Received April 18, 2014; Accepted July 03, 2014; Published July 10, 2014
Citation: Silva-Gómez AB, Eliosa-León HE, Rubalcaba-Zenteno G (2014) Short- and Long-Term Treatments with Dexamethasone have Different Effects on Spatial Learning and Memory. Clin Exp Pharmacol 4:161. doi: 10.4172/2161-1459.1000161
Copyright: © 2014 Silva-Gómez AB, et al. This is an open-access article distributed under the terms of the Creative Commons Attribution License, which permits unrestricted use, distribution, and reproduction in any medium, provided the original author and source are credited.
Visit for more related articles at Journal of Clinical & Experimental Pharmacology
Dexamethasone (DEX) to promote an increase in levels of corticosterone, the hormone that initiates stressful responses. We analyzed the effect of DEX on spatial learning and memory (Morris water maze) in young male Sprague-Dawley rats. We administered two different treatment regimens of daily 0.2 mg/kg DEX as independent variable. One treatment consisted of DEX treatment for 5 days, and the second consisted of DEX treatment for 14 days. The short-term treatment promoted improved spatial learning without any effects on memory.
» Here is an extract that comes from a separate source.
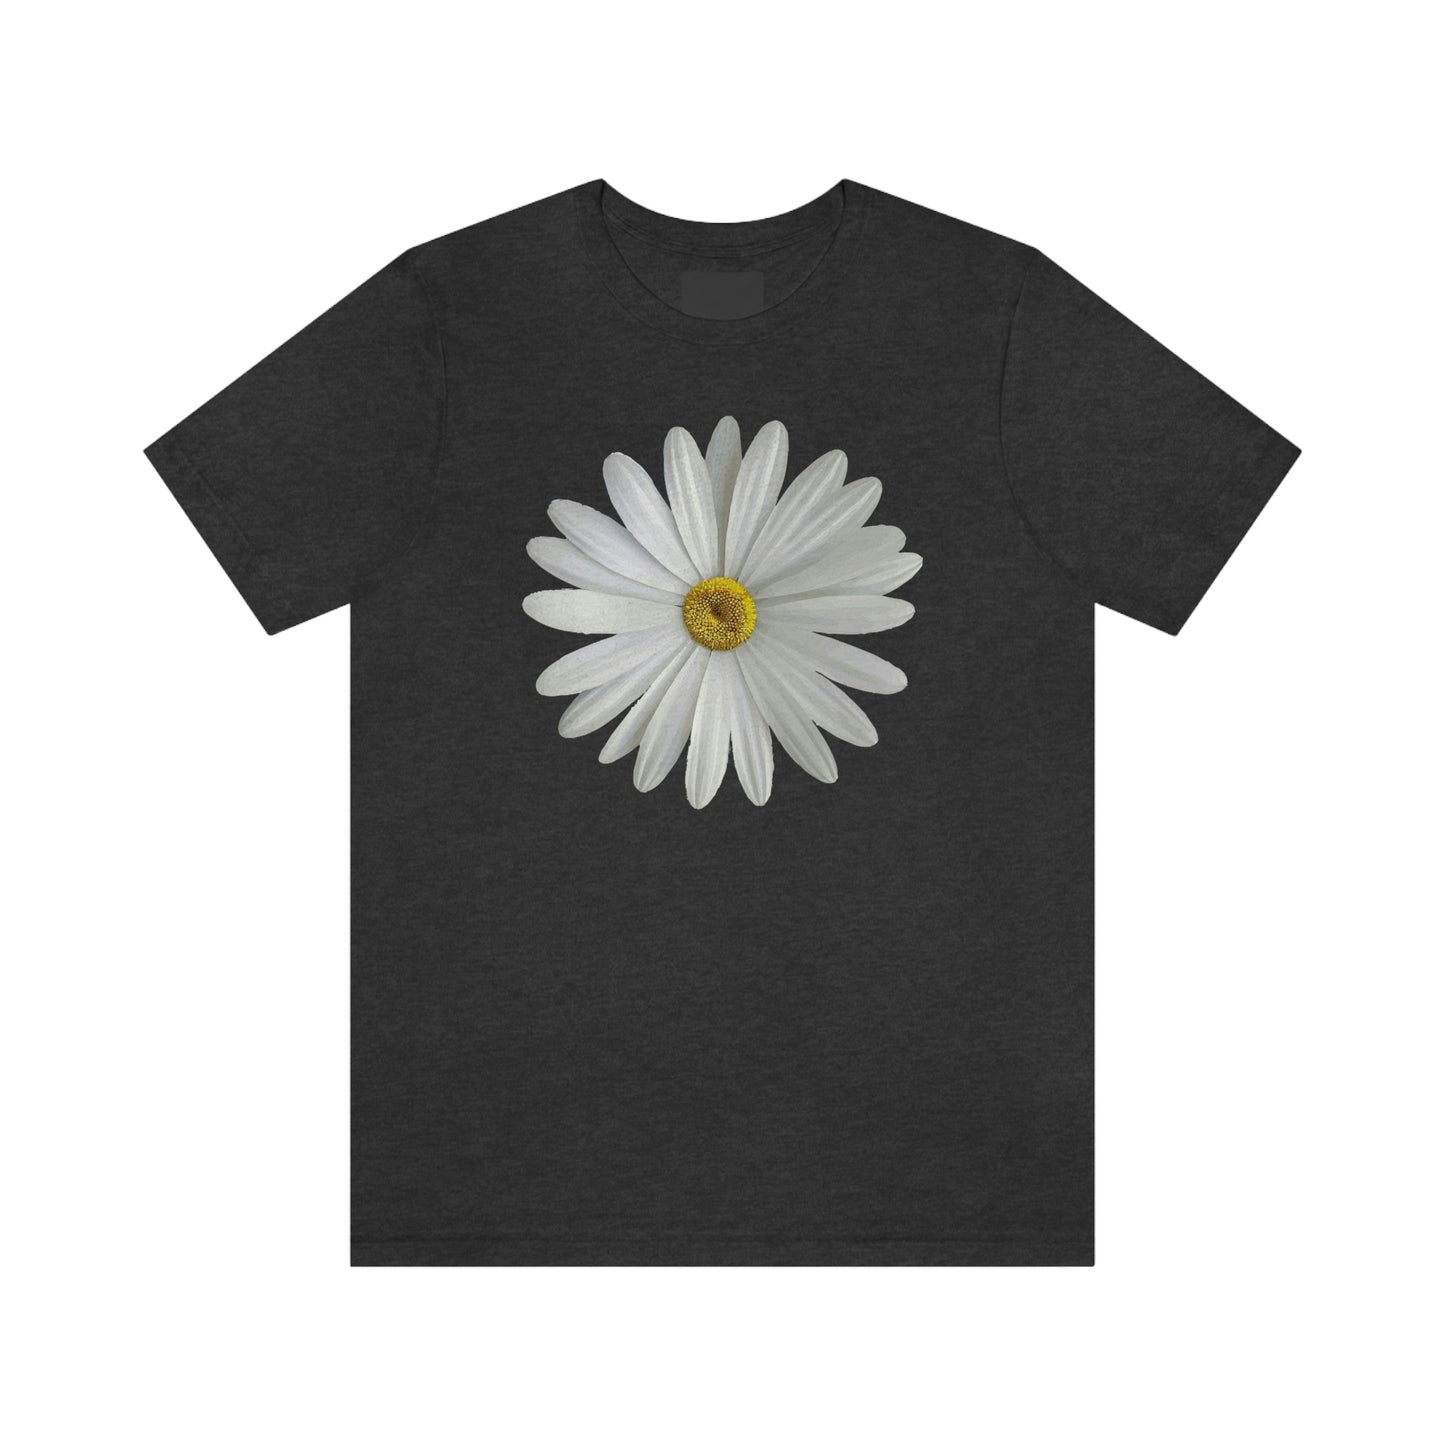 Daisy Shirt Floral Shirt Gift, Wildflower Shirt, Gift For Mom, Daisy Women Shirt Flower Tee Summer Shirt,

The long-term treatment caused deficits in spatial learning and memory. We also observed that a Control group (CON) treated for 14 days with a vehicle (SSI: 0.9% saline solution) was more efficient in the test compared with a control group that was treated for 5 days with SSI. These results show that simply the time of exposure to stressful stimuli as injection, can cause changes in the Morris water maze execution.
Dexamethasone (DEX) is a synthetic glucocorticoid widely prescribed during late gestation to promote maturation of fetal lungs . DEX and other synthetic glucocorticoids are also prescribed for treatment of arthritis, asthma, autoimmune diseases and other inflammatory disorders . However, these drugs can induce a variety of psychiatric symptoms such as depression, mania and affective psychosis [3,4]. In rats, these symptoms reflect damage to hippocampal pyramidal cells, and to neurons of the caudal striatum, globus pallidus, putamen and dentate gyrus [5,6]. DEX is commonly used experimentally to study the effects of stress . In the present study, we evaluate the effect of DEX on spatial learning and memory after short- and a long-term treatment in juvenile rats.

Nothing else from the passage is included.